Trying to track accurately the energy/power consumed over the last
period (with idle events and freq changes) is not that useful in this
case and especially because of task migration and other scheduler's
activities that will make previous period tracking obsolete where
scheduler utilization takes that into account. Such accurate
power/energy tracking is useful if you want to cap the power
consumption of the devices in framework like powercap when HW can't do
it by itself but in this case you are woring at a different time scale

> cpufreq_get_requested_power() should be changed.
>
> >
> >> CPUs were running. The model implemented in alg was also a problem.
> >>
> >> The whole period (e.g. CPU freqs which were used or idle state)
> >>
> >> ^(CPU freq)
> >> |
> >> |                            sampling the current freq
> >> |                _______        |
> >> |               |      |        |
> >> |________       |      |        |
> >> |       |       |      |        |
> >> |       | idle  |      |________v________...

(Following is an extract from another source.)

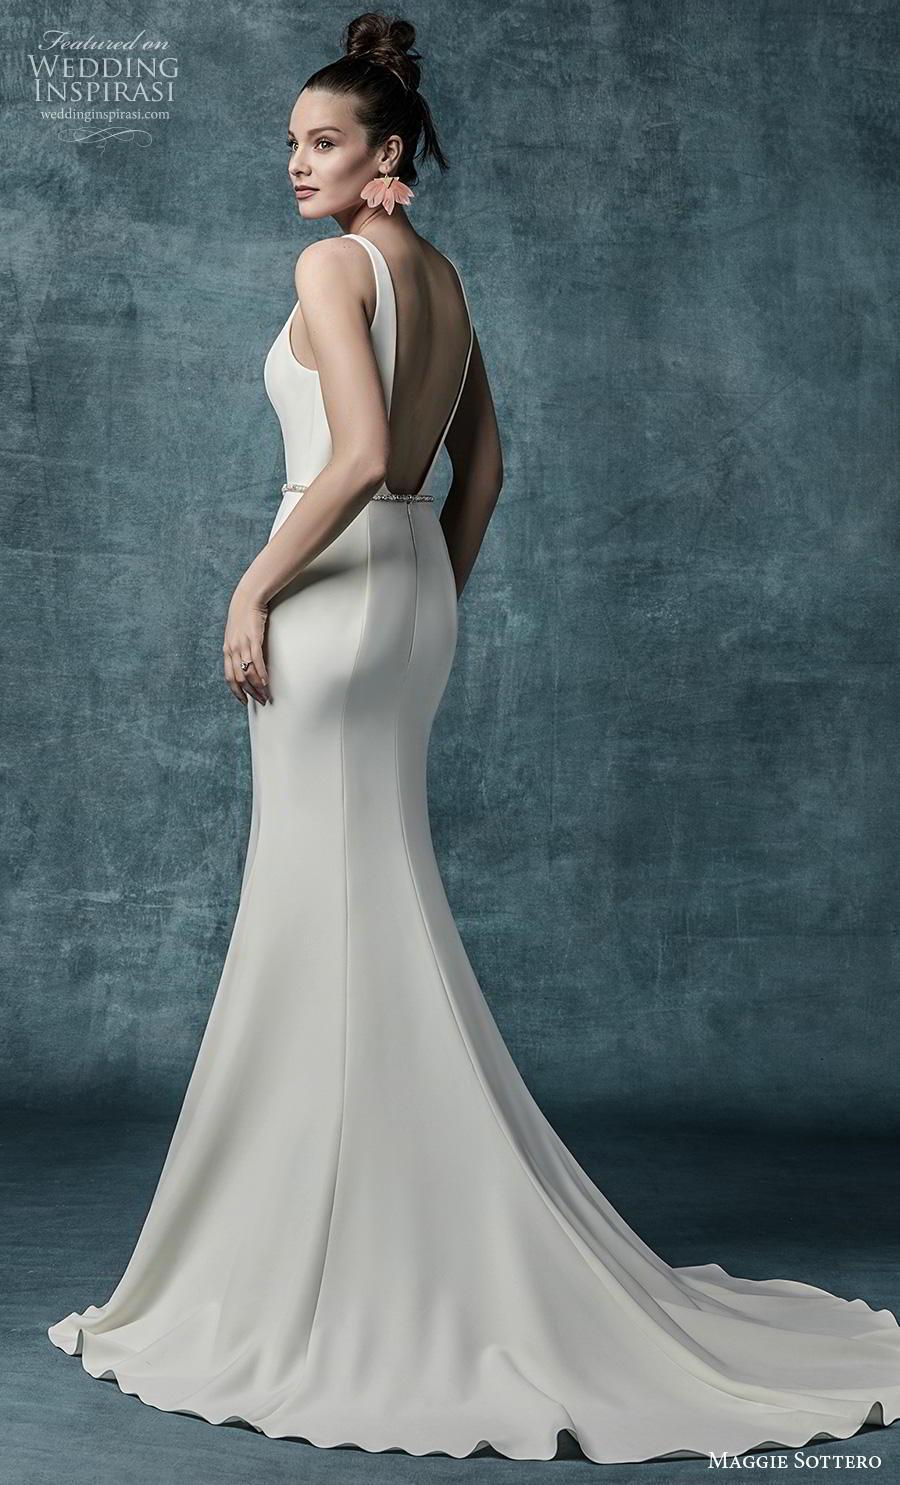 maggie sottero spring 2019 bridal sleeveless bateau neckline simple minimalist elegant fit and flare wedding dress backless low back medium train (15) bv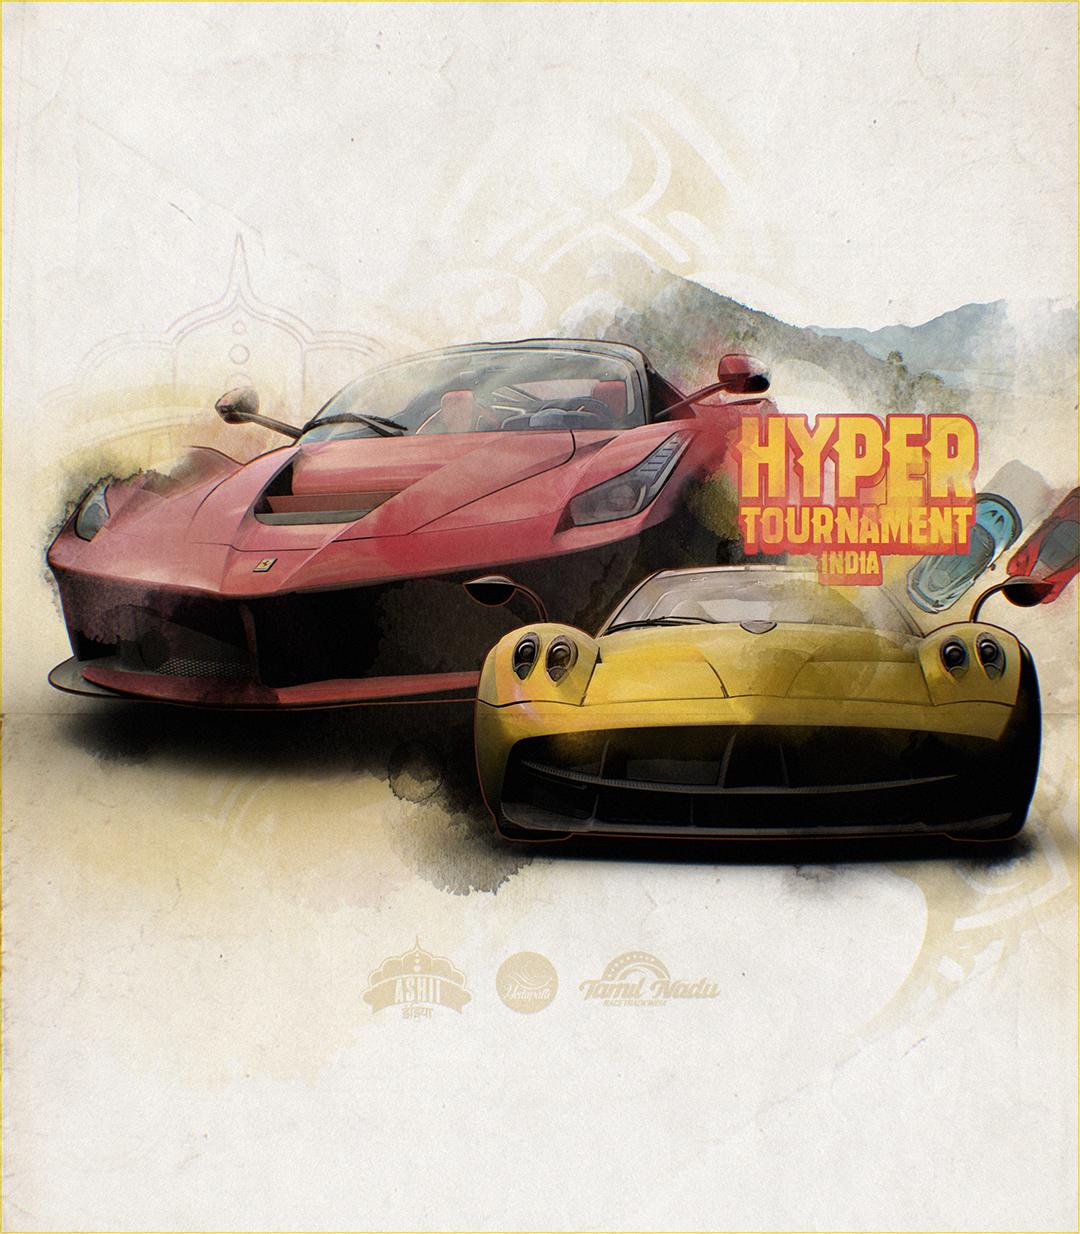 30_hyper_tournament_india copy.jpg

> >> |_ _____|_______|__________________________> (time)
> >>     start of period               end
> >>     |<------- (typically 100ms)-->|
> >>
> >>
> >>
> >>> frequency consumes more energy, but should we not also consider that:
> >>>
> >>>        E = C V^2 f
> >>>
> >>> The EAS energy model has tables for the OPPs that contain this, but in
> >>> this case we seem to be assuming a linear enery/frequency curve, which
> >>> is just not the case.
> >>
> >> I am not sure if I got your point. To understand your point better
> >> I think some drawing would be required. I will skip this patch
> >> and old mainline code and focus on your proposed solution
> >> (because this patch set does not address 'sampling freq problem').
> >>
> >>>
> >>> I suppose we could do something like **:
> >>>
> >>>        100 * util^3 / max^3
> >>>
> >>> which assumes V~f.
> >>
> >> In EM we keep power values in the array and these values grow
> >> exponentially. Each OPP has it corresponding
> >>
> >> P_x = C (V_x)^2 f_x    , where x is the OPP id thus corresponding V,f
> >>
> >> so we have discrete power values, growing like:
> >>
> >> ^(power)
> >> |
> >> |
> >> |                          *
> >> |
> >> |
> >> |                       *
> >> |                       |
> >> |                   *   |
> >> |                       | <----- power estimation function
> >> |            *          |        should not use linear 'util/max_util'
> >> |   *                   |        relation here *
> >> |_______________________|_____________> (freq)
> >>      opp0     opp1  opp2 opp3 opp4
> >>
> >> What is the problem
> >> First:
> >> We need to pick the right Power from the array. I would suggest
> >> to pick the max allowed frequency for that whole period, because
> >> we don't know if the CPUs were using it (it's likely).
> >> Second:
> >> Then we have the utilization, which can be considered as:
> >> 'idle period & running period with various freq inside', lets
> >> call it avg performance in that whole period.
> >> Third:
> >> Try to estimate the power used in that whole period having
> >> the avg performance and max performance.
> >
> > We already have a function that is doing such kind of computation
> > based of the utilization of the CPU : em_pd_energy(). And we could
> > reuse some of this function if not exactly this one
>
> Yes and I think we should use this information. I am going to
> talk with Daniel about EM evolution (this is one of the topics
> from my side). Next, it is going to be a LPC event, where we
> can also discuss with broader audience.
>
> Regards,
> Lukasz
>